Extended Data Figure 7 Insect diet bioassay activity of PACE-evolved Cry1Ac variants against various agricultural pests.
Two consensus and three stabilized PACE-evolved Cry1Ac variants were tested for activity in eleven pests: a, C. includes (soybean looper); b, Heliothis virescens (tobacco budworm); c, Helicoverpa zea (corn earworm); d, Plutella xylostella (diamondback moth); e, Agrotis ipsilon (black cutworm); f, Spodoptera frugiperda (fall armyworm); g, Anticarsia gemmatalis (velvetbean caterpillar); h, Diatraea saccharalis (sugarcane borer); Spodoptera eridania (southern armyworm); Leptinotarsa decemlineata (Colorado potato beetle); and Lygus lineolaris (tarnished plant bug). Stabilized variants showed enhanced activity in C. includens and H. virescens compared with wild-type Cry1Ac, and comparable activity to wild-type Cry1Ac in H. zea, P. xylostella, A. ipsilon, S. frugiperda, A. gemmatalis, and D. saccharalis. No activity was observed for any of the Cry1Ac variants at any tested dose for S. eridania, L. decemlineata, or L. lineolaris. No insect larvae mortality was observed for S. frugiperda, although high toxin doses greatly stunted growth.

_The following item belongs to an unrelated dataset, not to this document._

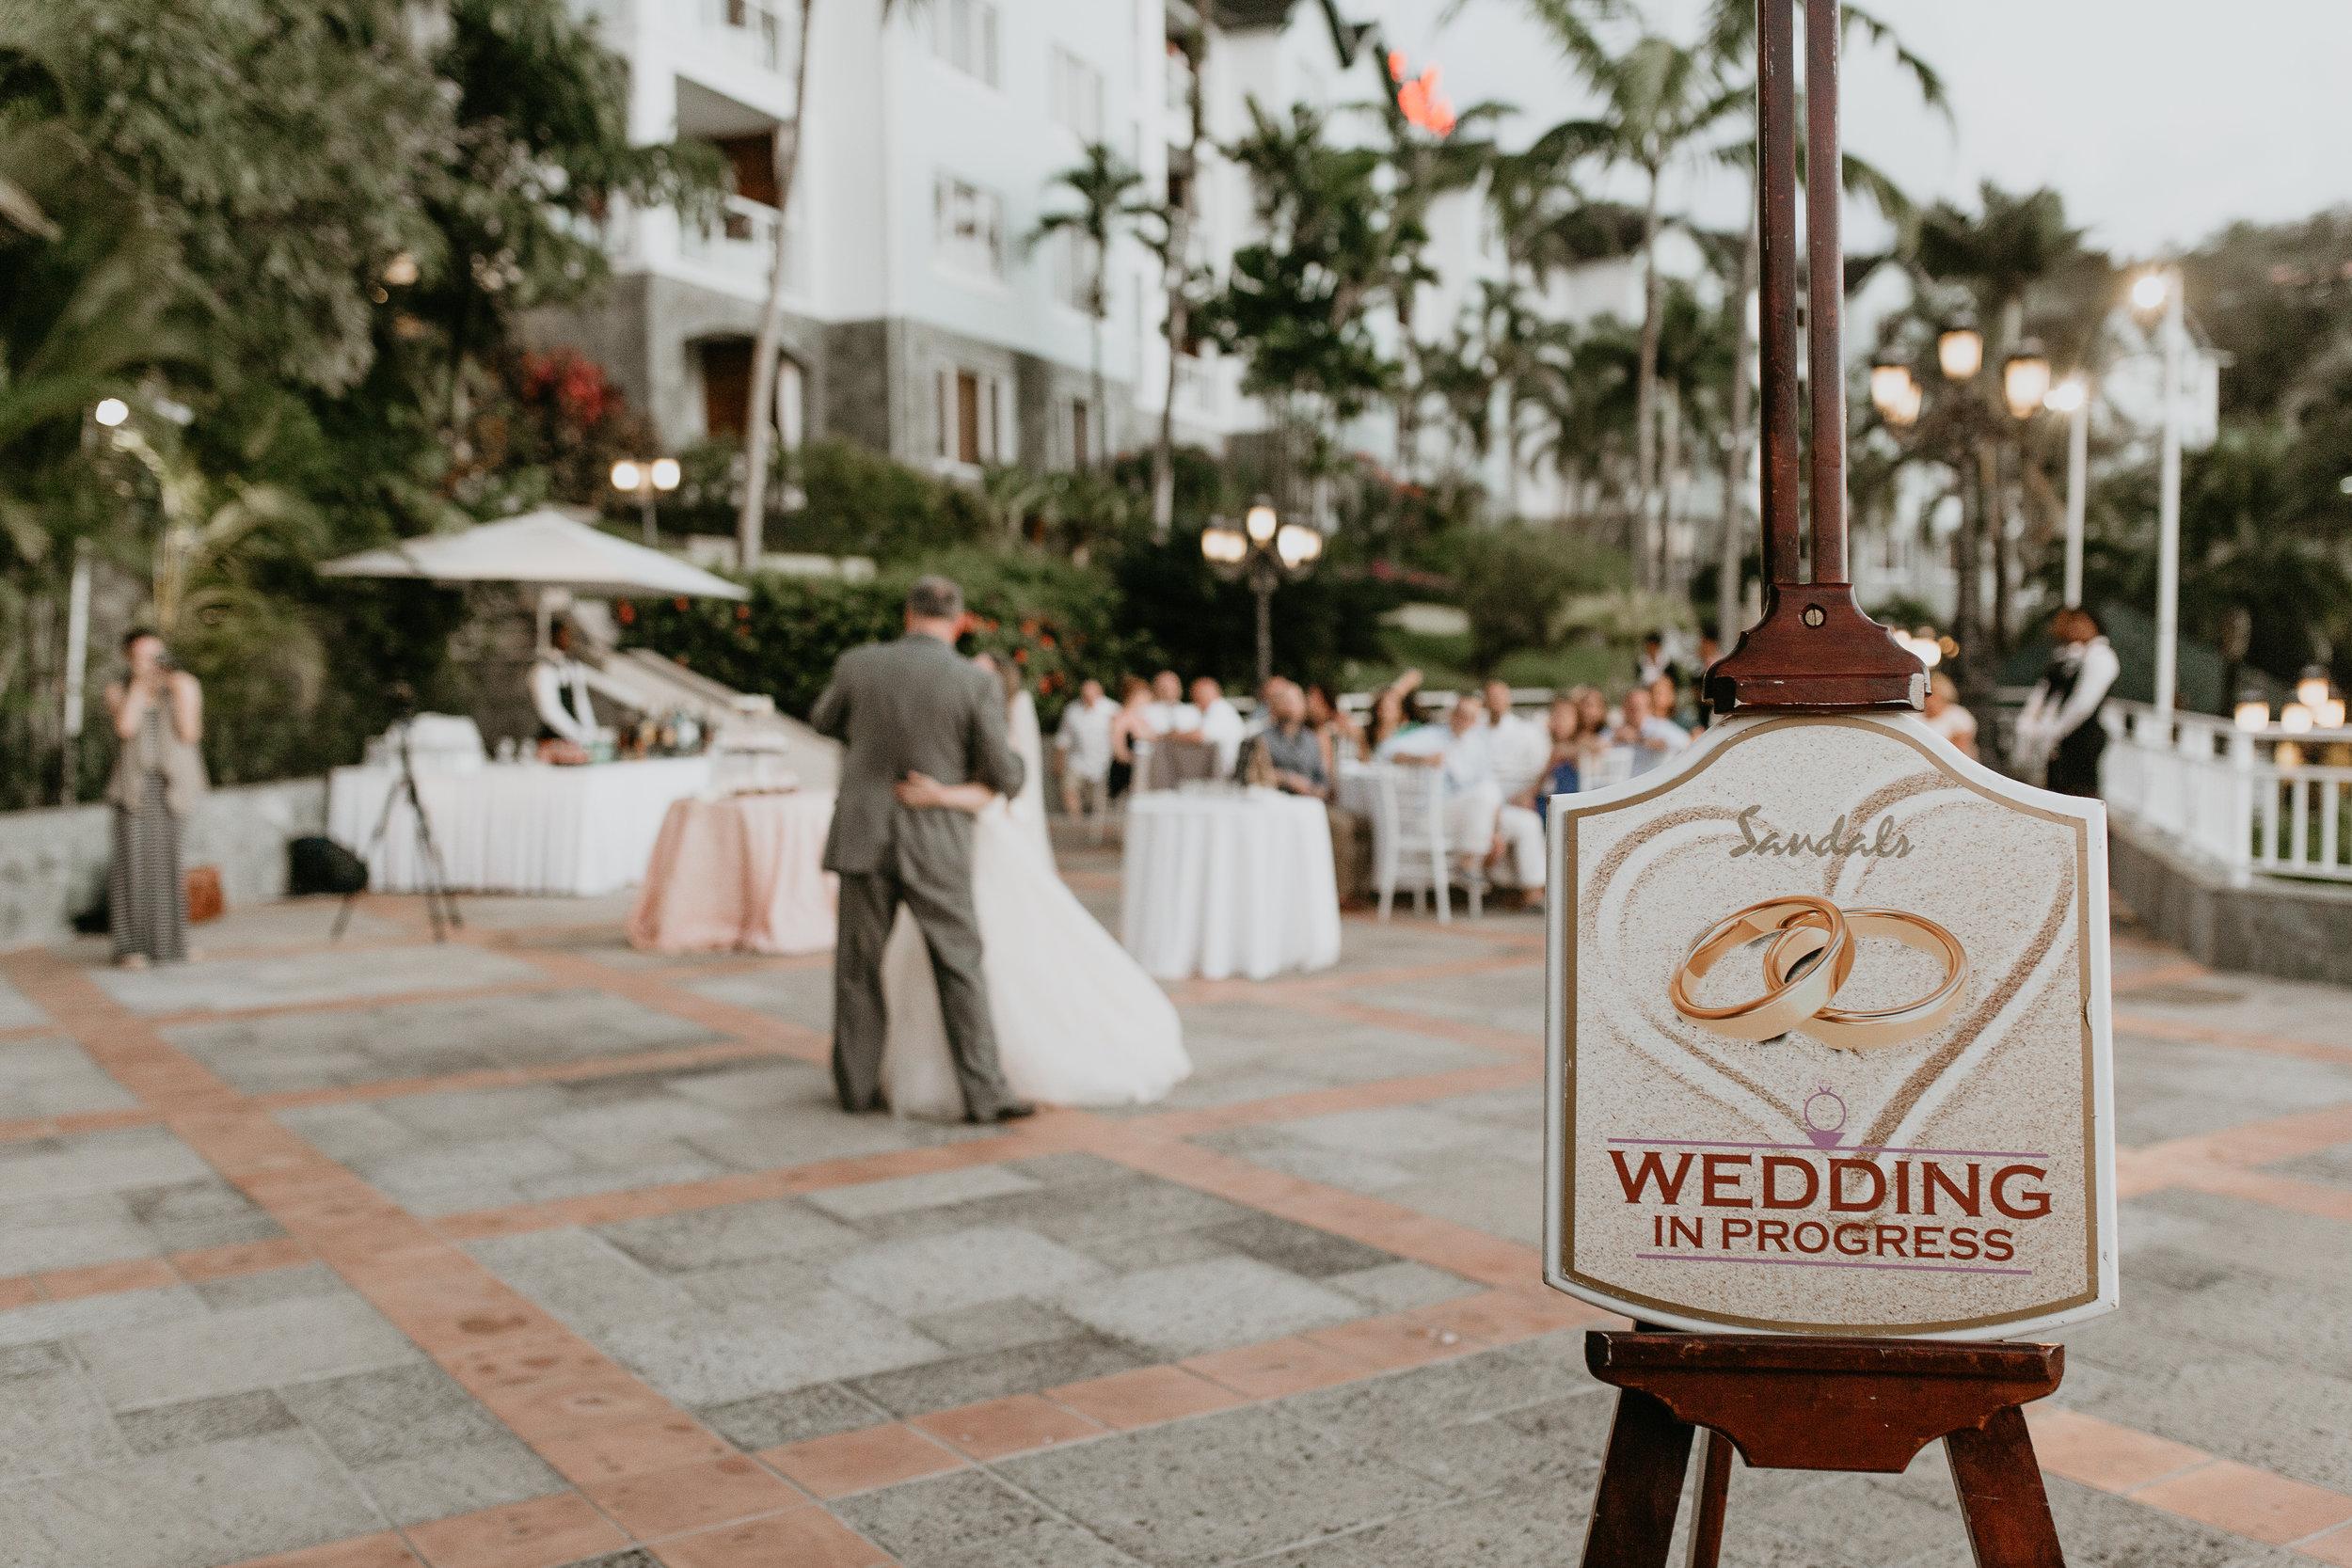 nicole-daacke-photography-destination-wedding-in-st-lucia-sandals-la-toc-intimate-island-wedding-carribean-elopement-photographer-chill-island-wedding-138.jpg
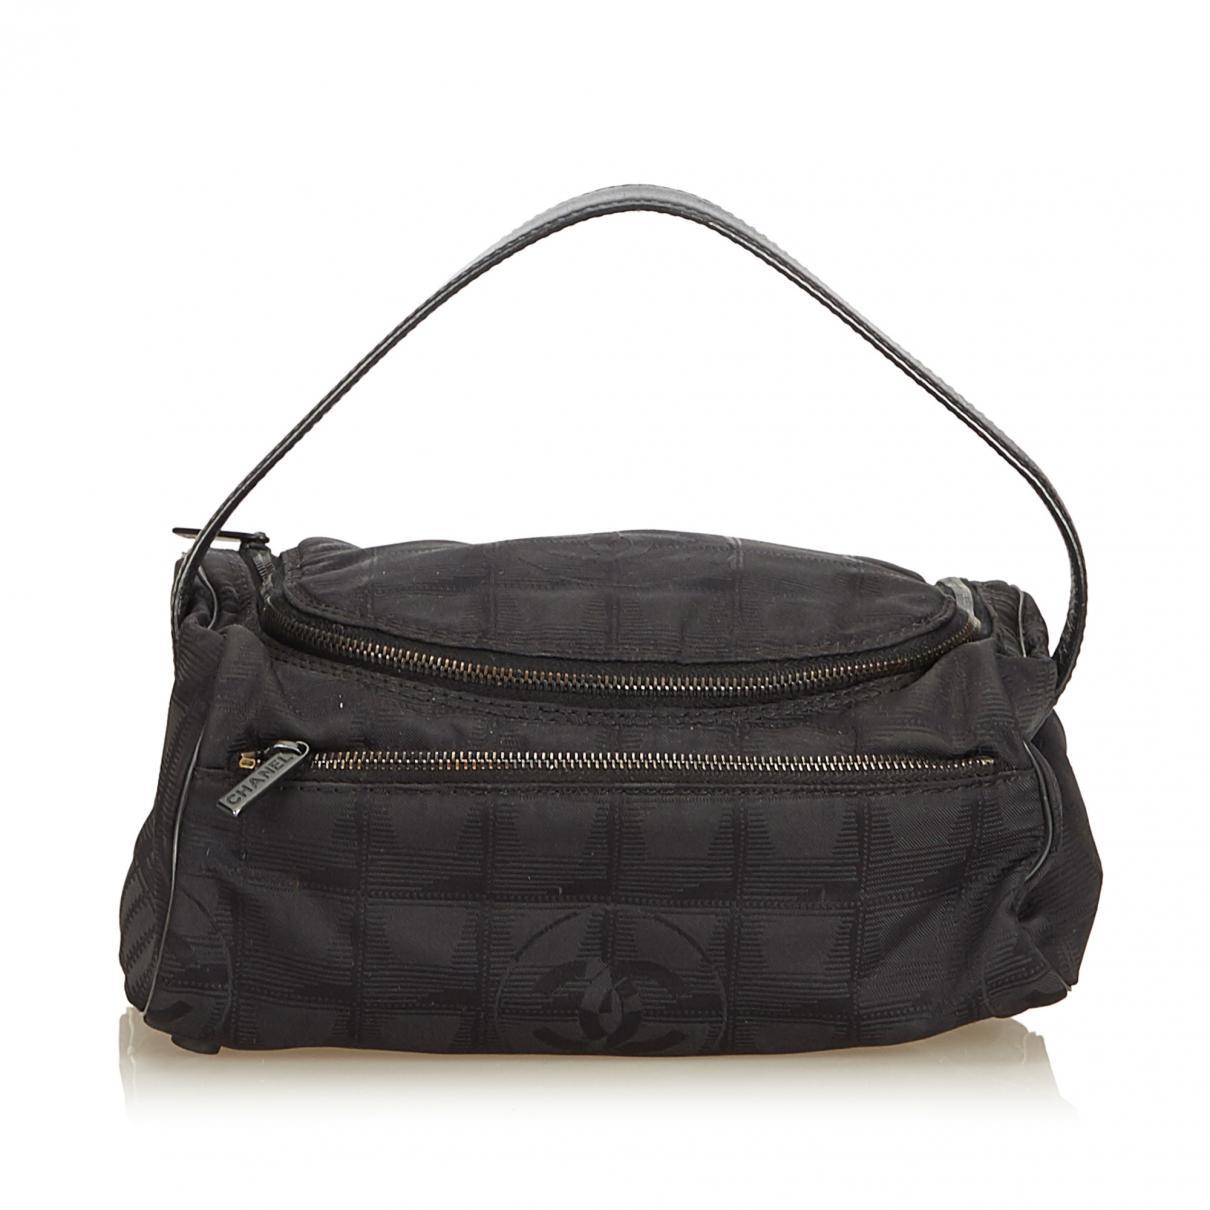 bf06c71cf Chanel Cloth Vanity Case in Black - Lyst

The percentage sequence identity using the full-length cadherin receptor (a) or fragment used for directed evolution experiments (b) for insects tested in Extended Data Fig. 7. Numbers in parentheses denote the number of identical amino acids between the two receptors. In general, mortality and stunting data from diet bioassays correlate with cadherin receptor sequence identity.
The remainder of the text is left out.